Last, the wolf hunt is unnatural. A Romanian proverb says, “Where wolves roam, forests grow.” Having wolves on our landscapes and ecologically active is vital to maintaining the natural balance of all wildlife. The hunt also randomly breaks up packs, causing hardship for surviving pack-mates and suffering for snared wolves. It also recklessly endangers the wolf, which has gone extinct in every other state within the lower 48.
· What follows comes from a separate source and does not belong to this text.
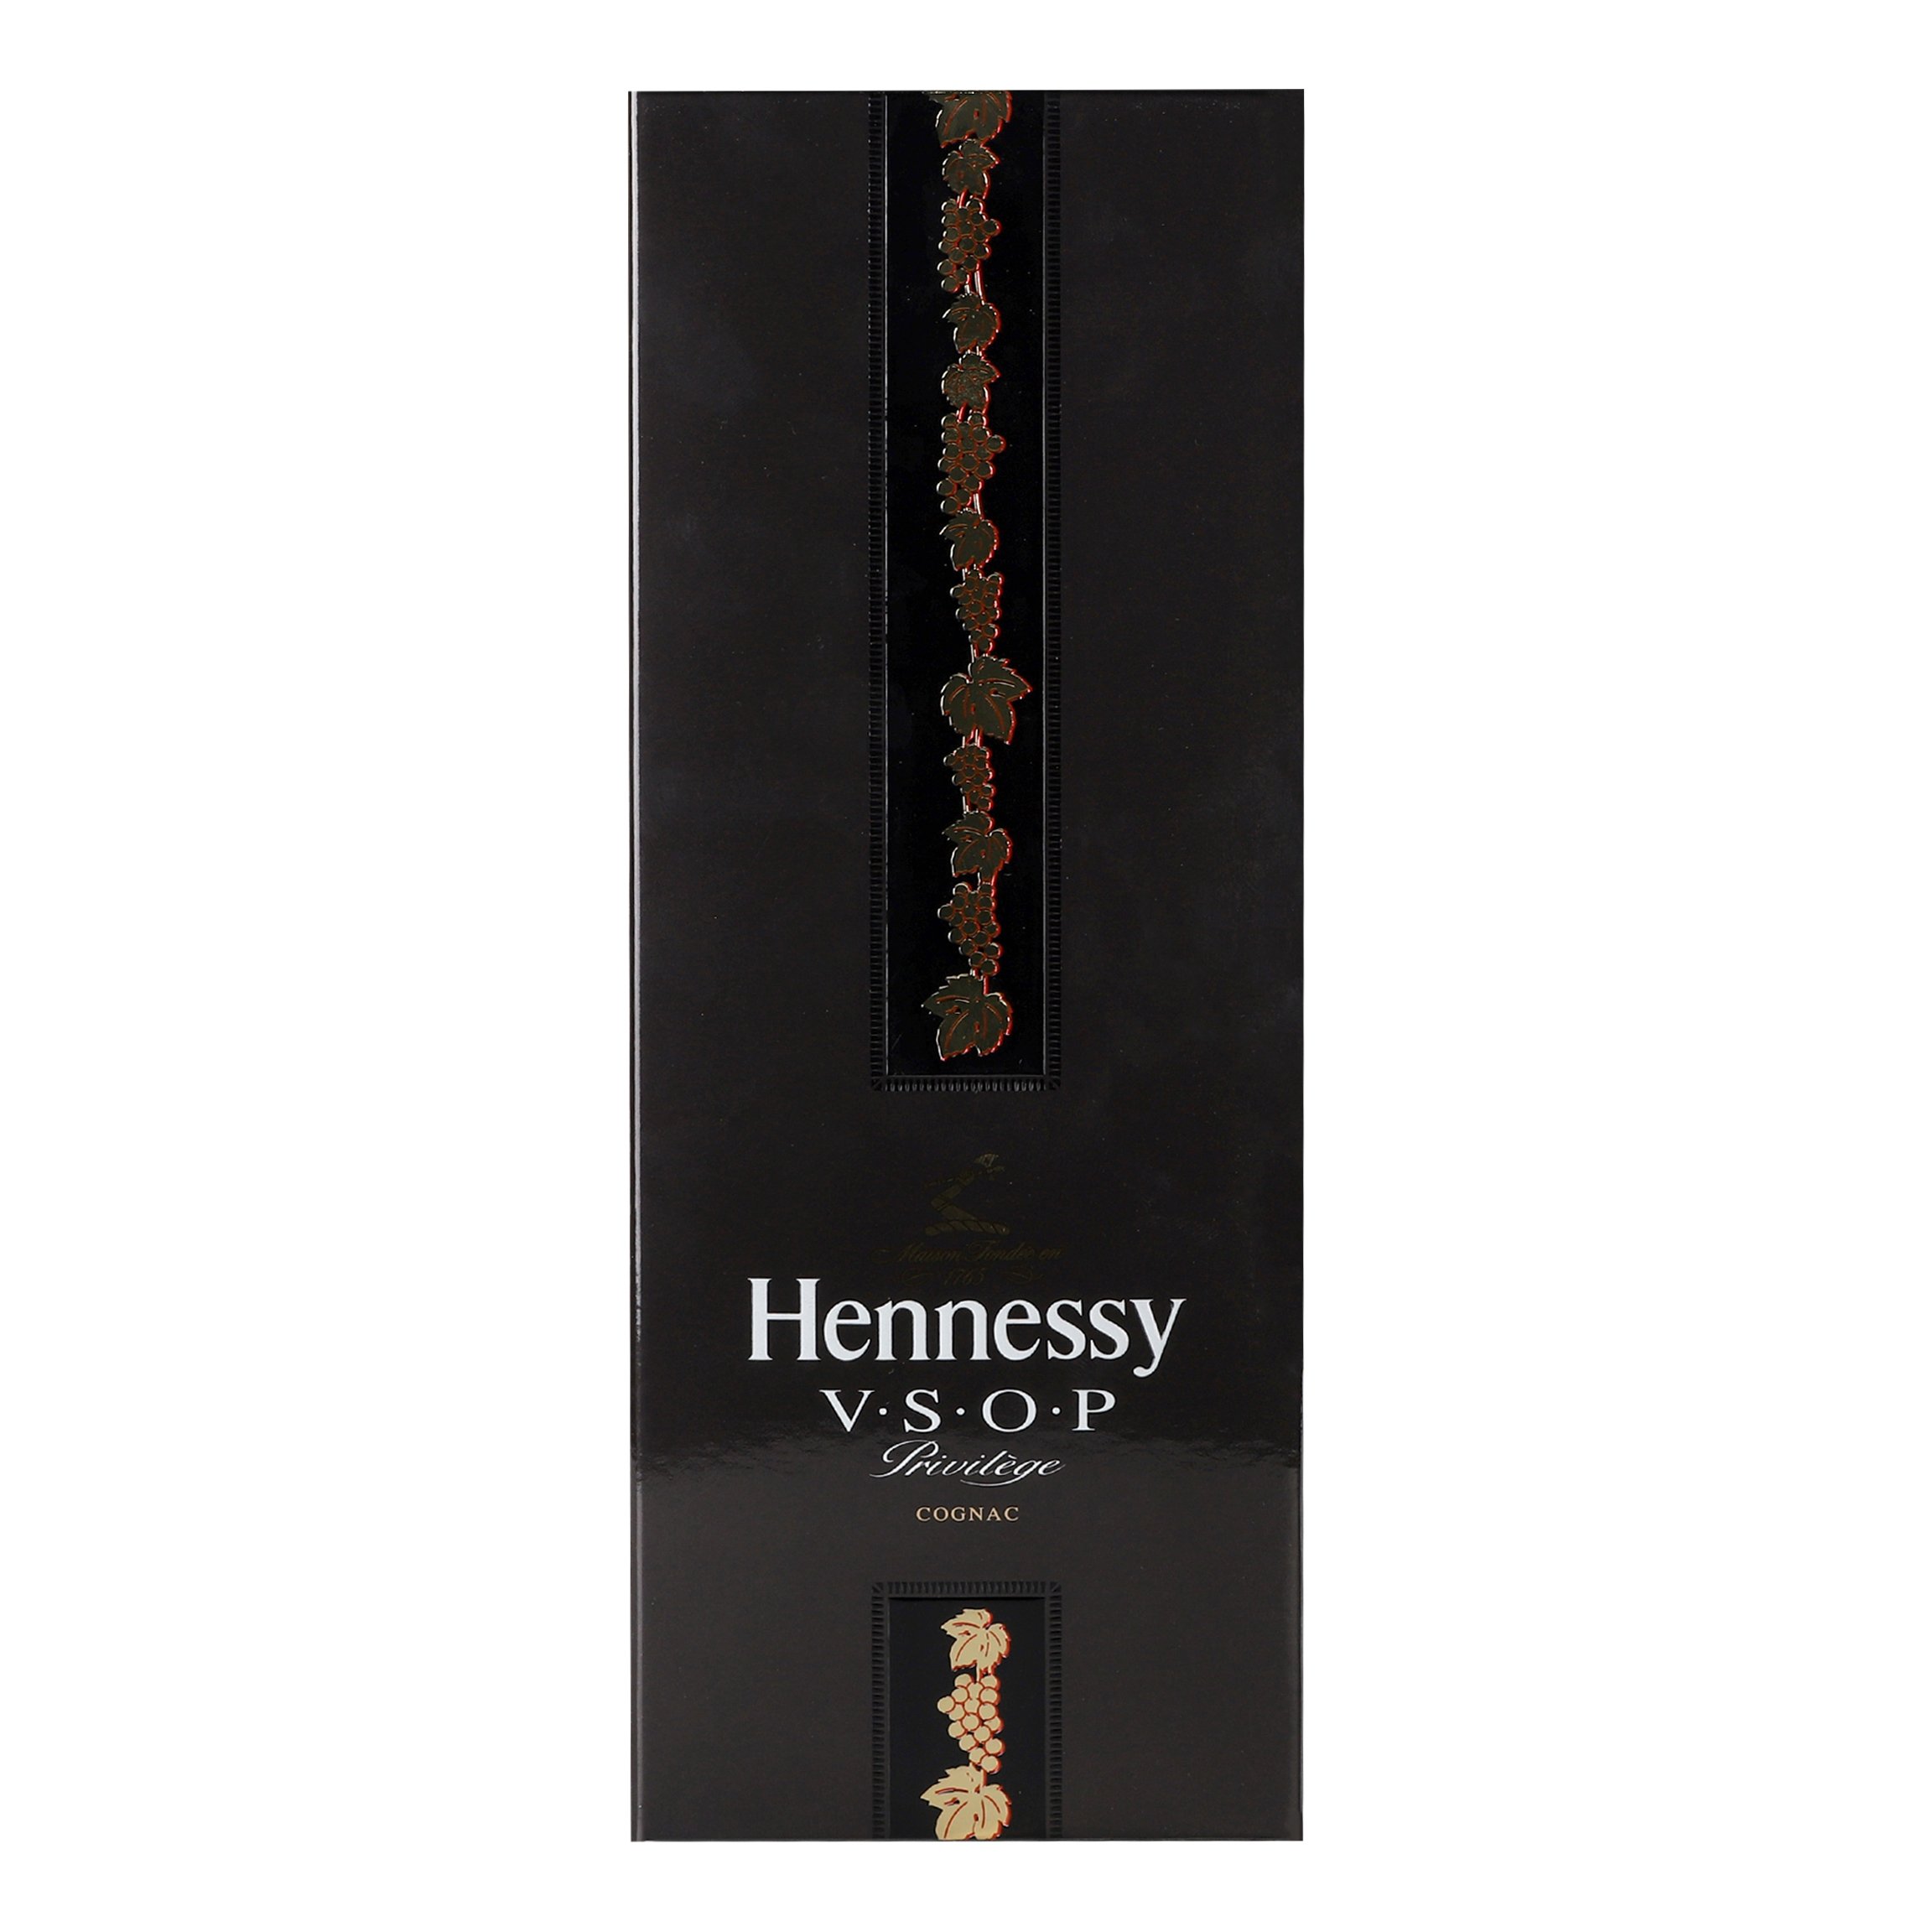 Коньяк Hennessy VSOP 6 років витримки, в подарунковій упаковці, 40%, 0,7 л (10021) - фото 3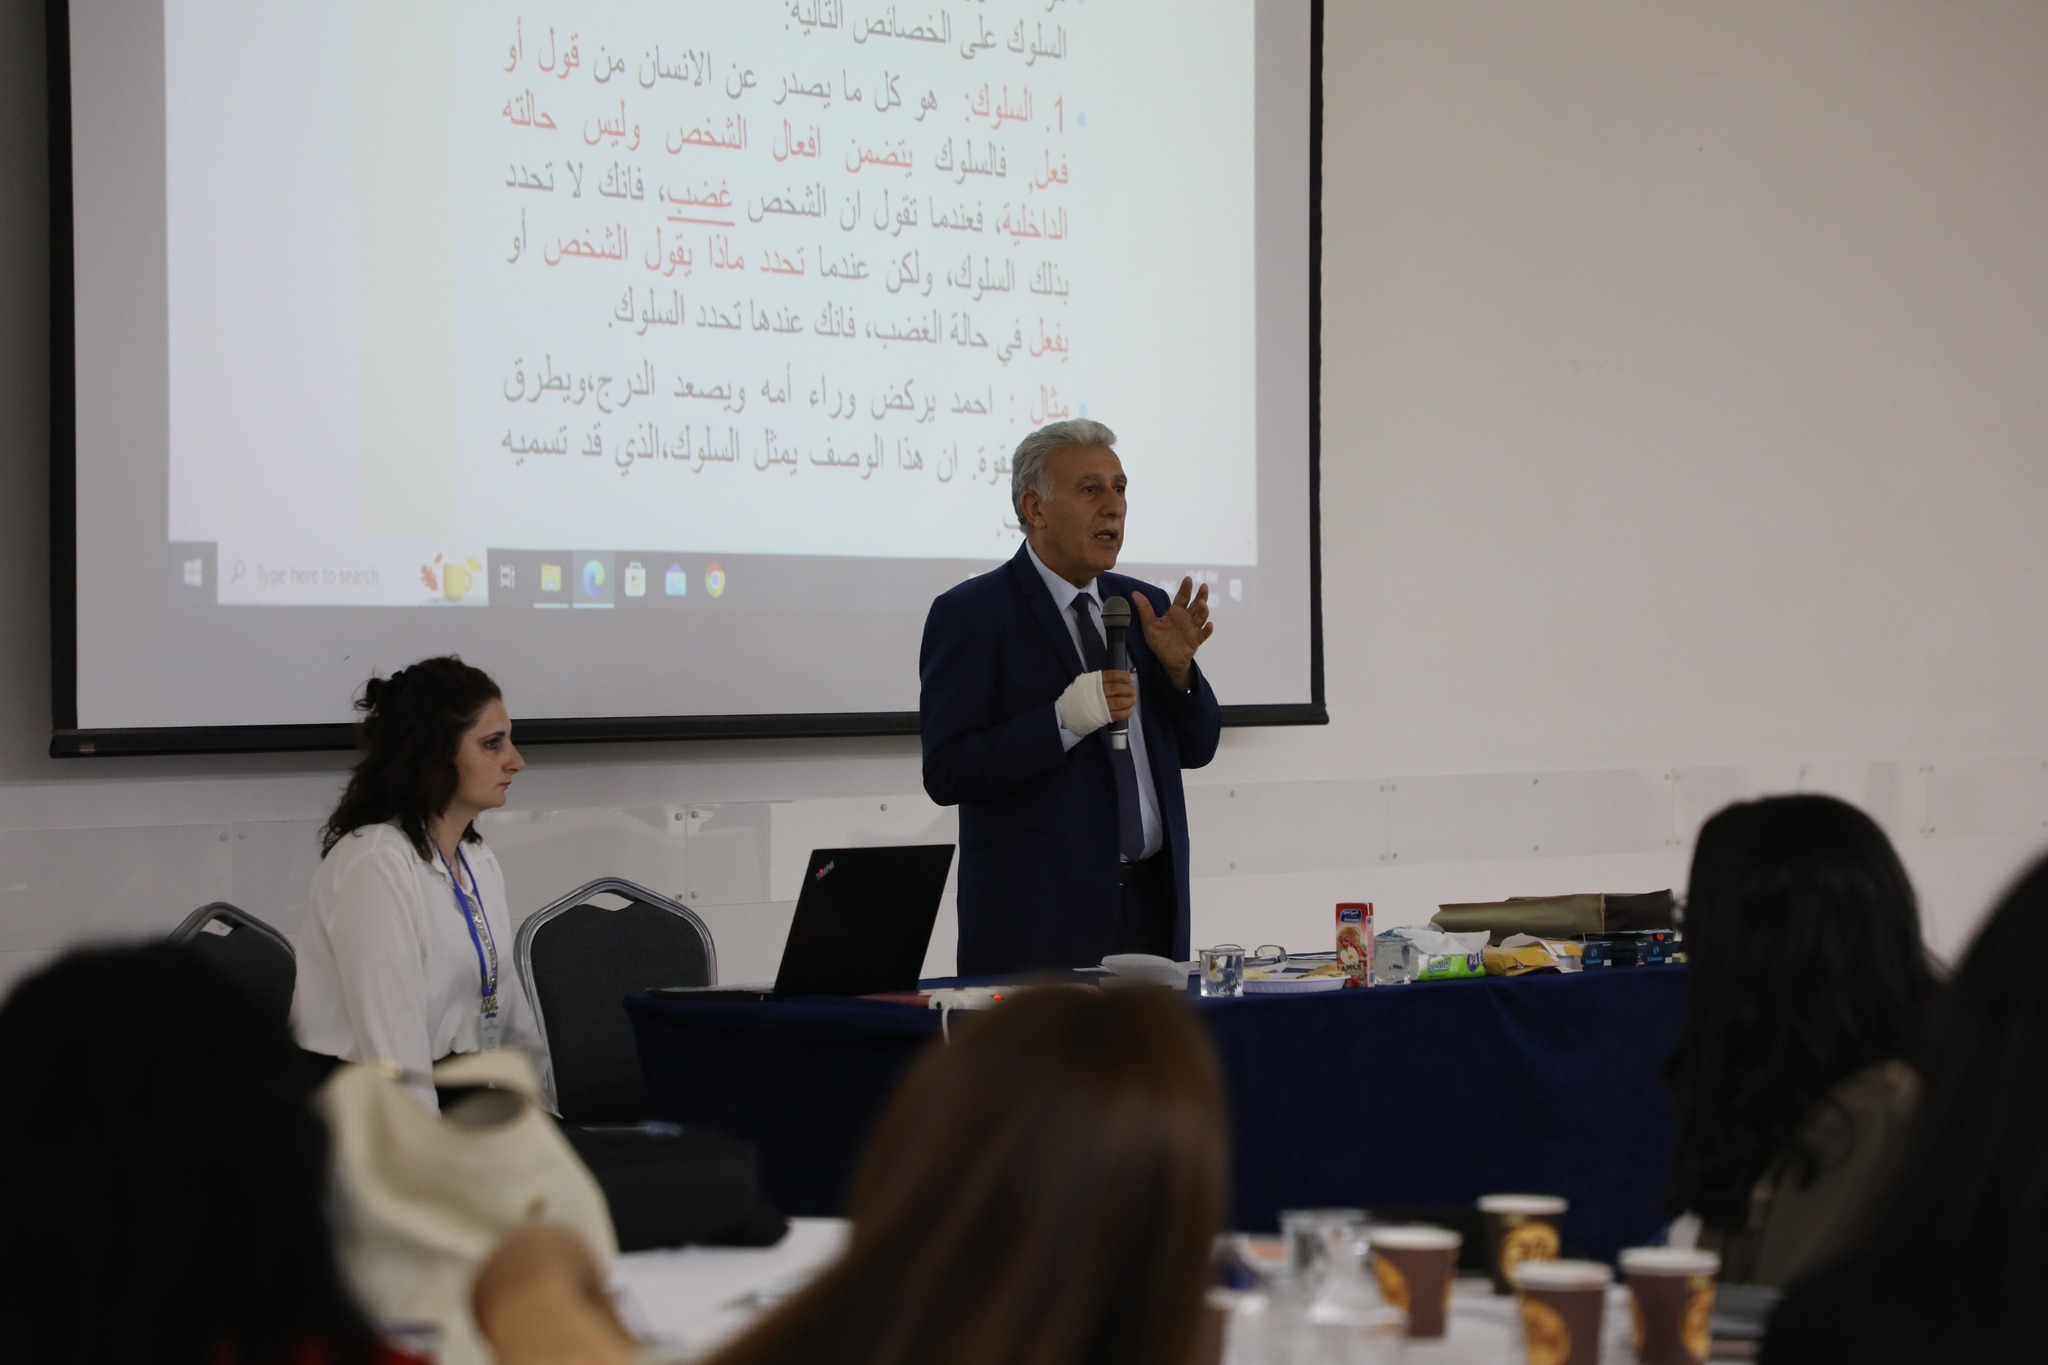 تربوية "عمّان العربية" تنفذ ورشة "تحليل السلوك" خلال مؤتمر "الصحة النفسية"3

While Howling for Wolves does not wish to change livestock-wolf conflict laws, we do know there is ample science and thinking that supports a management strategy that includes nonlethal methods to deal with wolf conflicts. Livestock producers who have wolf conflicts can and still do use lethal control and will be able to continue this under our proposal.

Just a few weeks ago, the 2014 legislative session began in St. Paul. One of our efforts includes supporting Senate File 2256, the “Wolf Data Bill,” which recently was approved and was passed out of the Senate Environment and Energy Committee.

The bill would temporarily suspend Minnesota’s wolf hunt to implement the Minnesota DNR’s Wolf Management Plan, which would formally study outcomes of the wolf hunt on the wolf population. The duration of the temporary suspension would be based on the Minnesota DNR providing information originally outlined in the plan, including a dataset on all known wolf deaths and illnesses, mapping of wolf-livestock conflicts, and the establishment and dissemination of best-management practices that may be utilized by the livestock sector to reduce wolf-livestock conflicts to include non-lethal methods.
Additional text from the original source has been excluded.